Although Crikey has already shattered your dreams of an Australian edition of Serial, there’s nothing to stop our readers conducting their own sordid investigations into some of Australia’s grislier unsolved murders. There’s something viscerally compelling about a mystery without an answer that overwhelms all sense of propriety. So to keep you from resorting to the methadone of Midsomer Murders for your gruesome voyeurism, we at Crikey look back at some of the more heinous crimes that left Australian police scratching their heads.
The Somerton Man
The Australian unsolved murder par excellence. This one has it all: an unidentifiable man killed in an unidentifiable way, Cold War paranoia, a cryptic cipher straight out of that Dan Brown book you have propping up a wonky table at home — everything, basically, that could lend 20th-century Oz the film-noir glamour it had been sorely lacking.
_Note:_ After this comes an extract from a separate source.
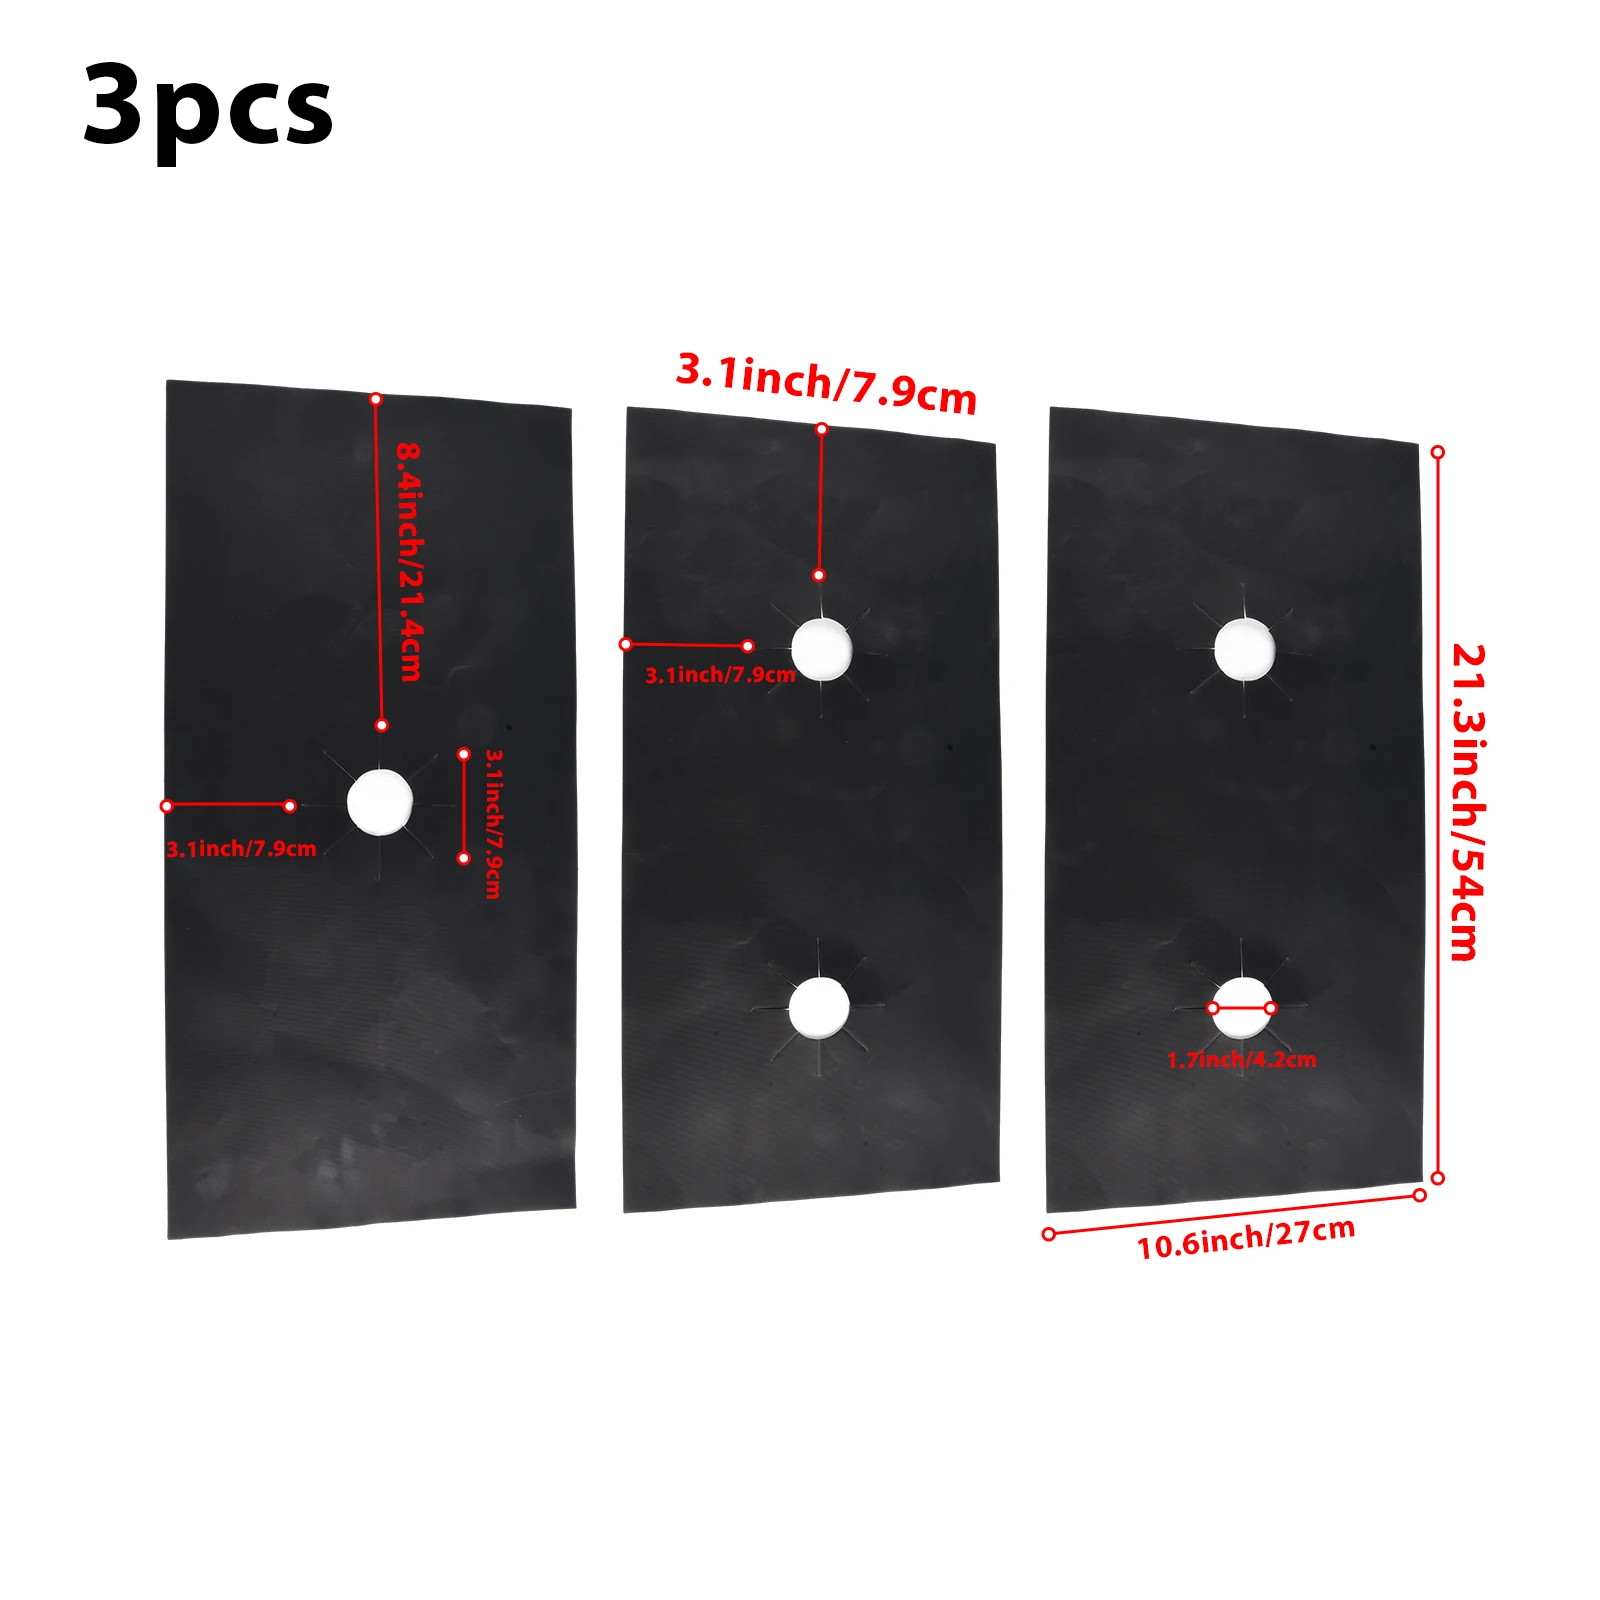 

3pcs/set Gas Stove Protectors Cooker Cover Liner Clean Mat Pad Gas Stove Stovetop Protector For Kitchen Cookware Accessories
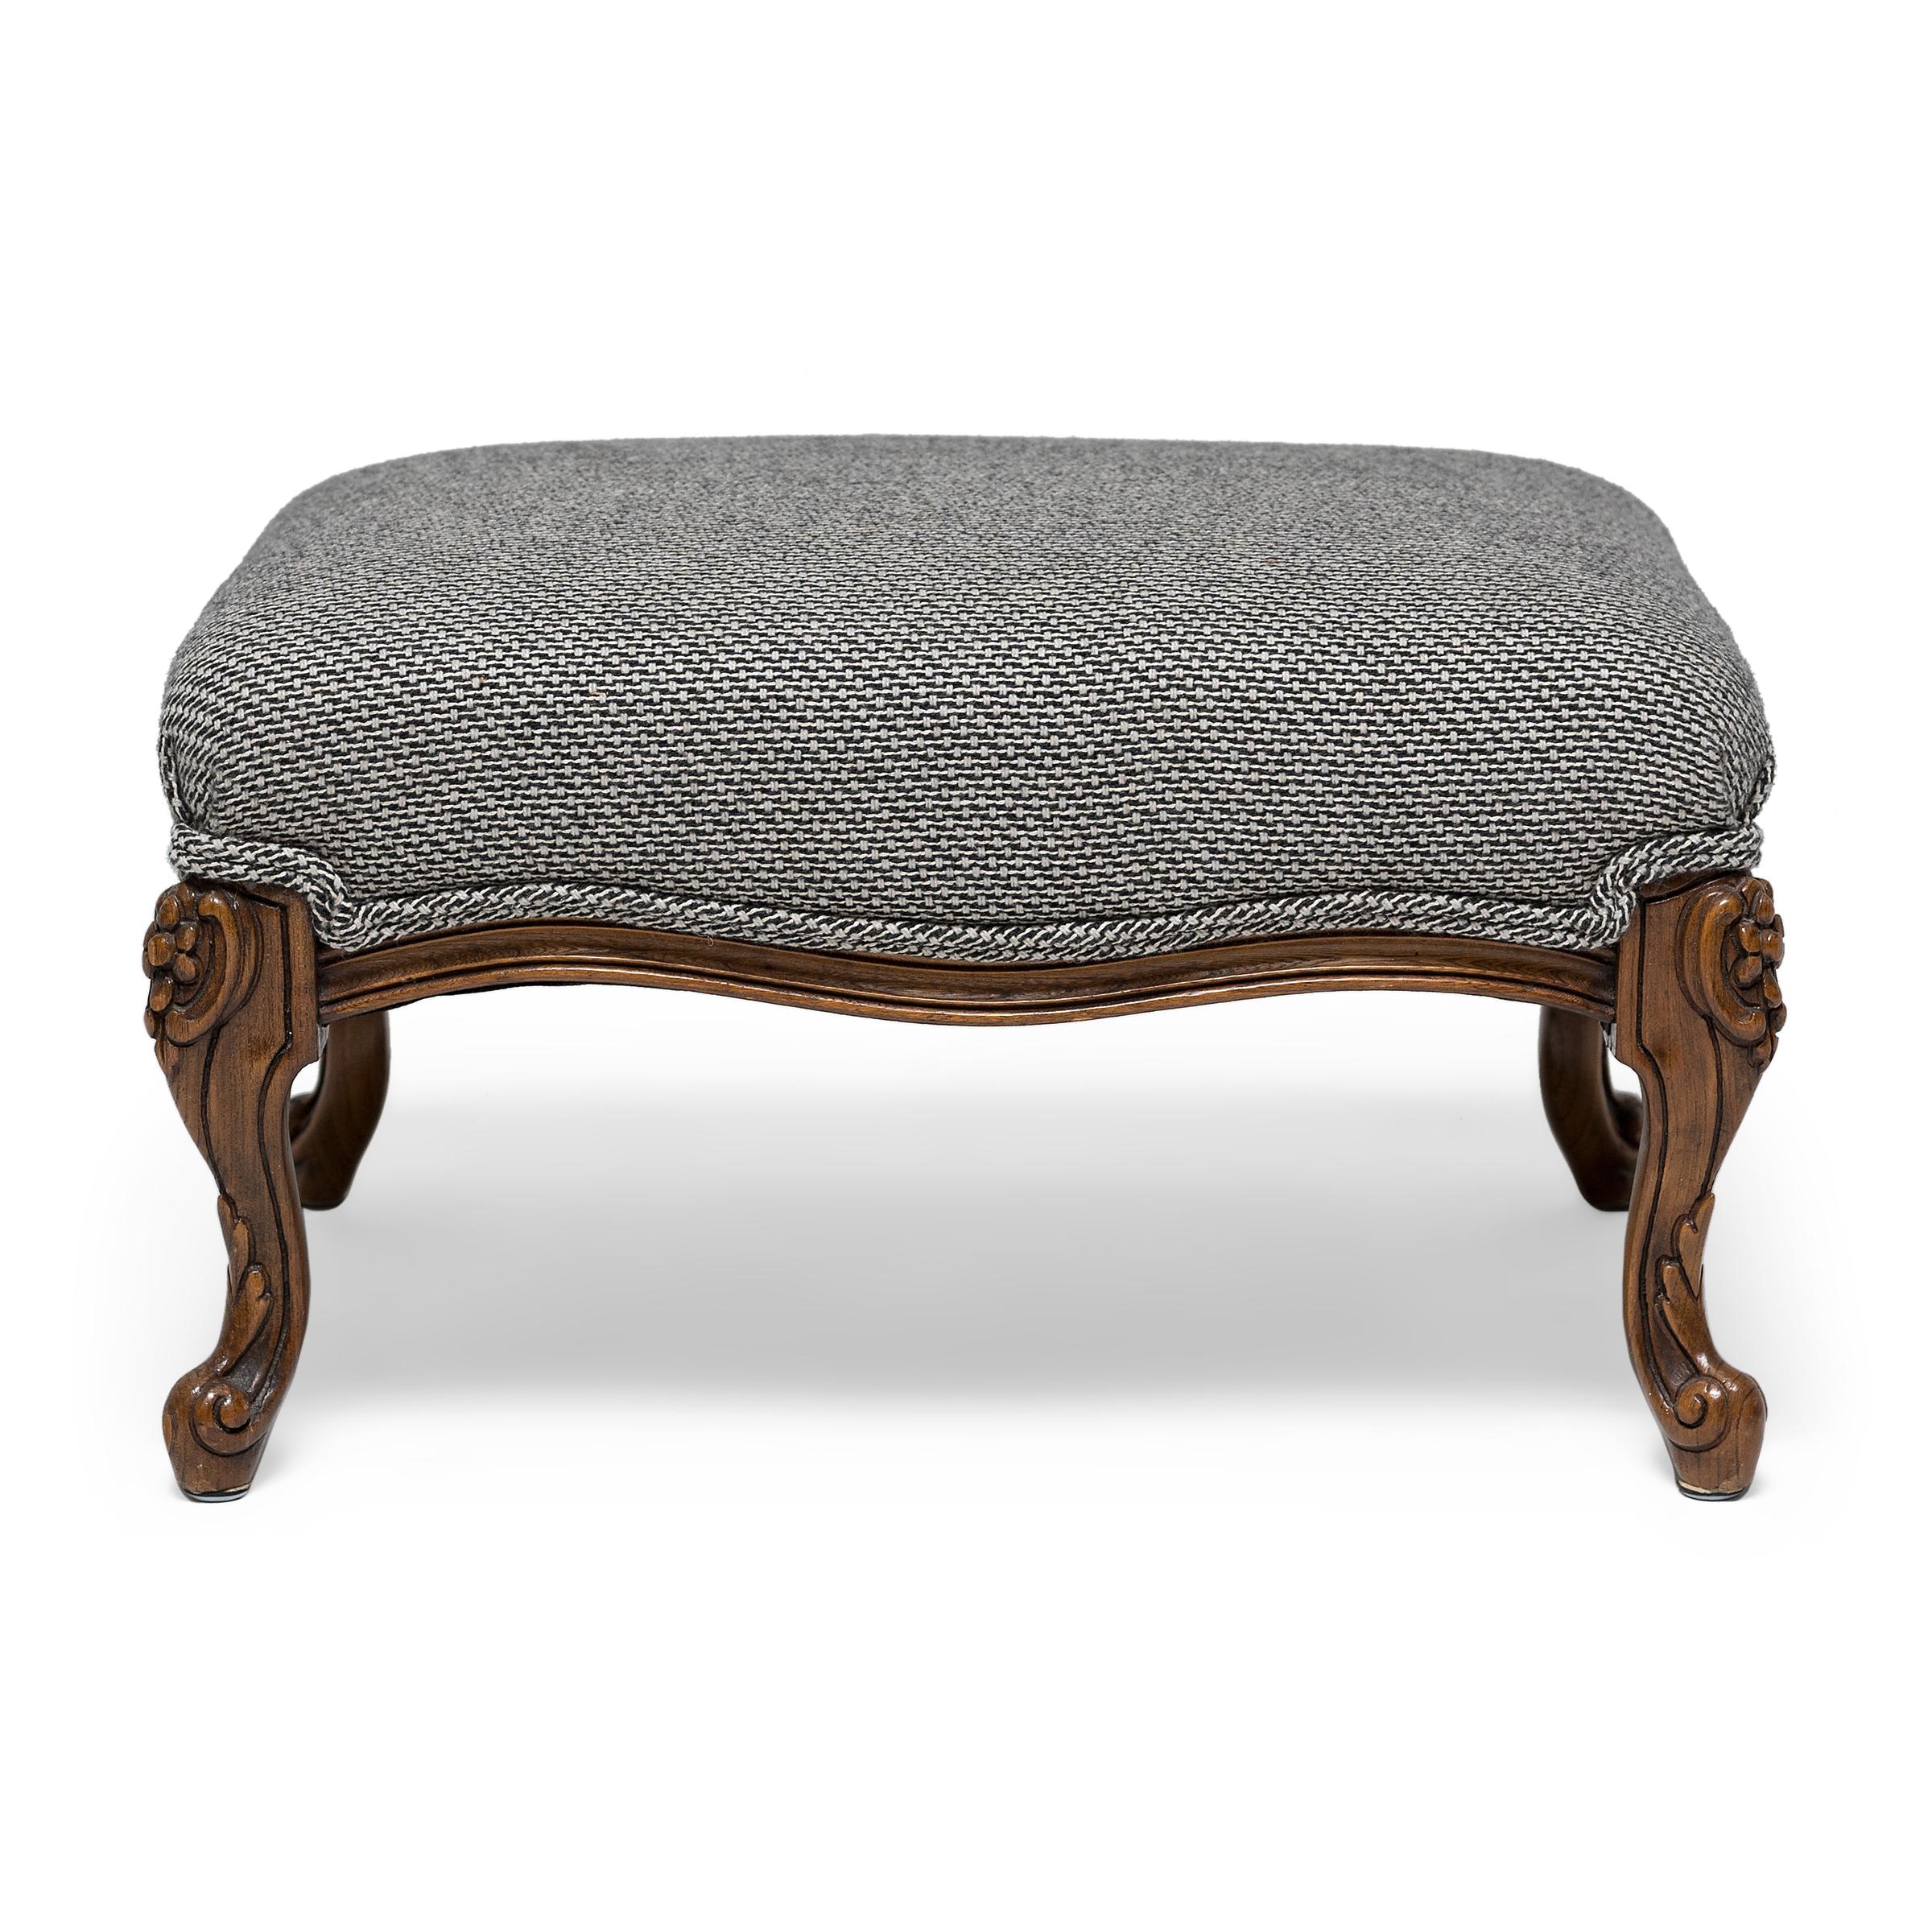 Carved French Louis XV Style Upholstered Footstool, c. 1850 For Sale

In the early hours of December 1, 1948, a well-dressed man was found propped up against the sea wall on Adelaide’s Somerton Beach. He was aged in his 40s, and not likely to get any older. Unfortunately for investigators, the man had all the identity of a Rorschach test: the labels had been painstakingly cut off his clothes, and his pockets were empty except for ticket stubs, chewing gum, cigarettes and matches. The only foreign substance found in his body was hardly likely to be fatal — a pasty eaten hours before his death. Suspicions that the man had come down to the sea for one last smoke before taking his own life were strengthened when police discovered a rolled-up scrap of paper buried in a fob pocket sewn into his trousers containing just two words: tamam shud, the final words of the Rubaiyat, a collection of Persian poetry penned by Omar Khayyam and repeated in hushed tones by wide-eyed undergrads the world over. Roughly translated: “finished”, or “ended”. Spookily translated: “The End”. In an apparent breakthrough, the words were traced to a rare New Zealand translation of the book, a copy of which was found in the back seat of someone’s car a few weeks before and in around the same area the body was discovered. The back of the book contained five lines of incomprehensible code, with some ominously struck out.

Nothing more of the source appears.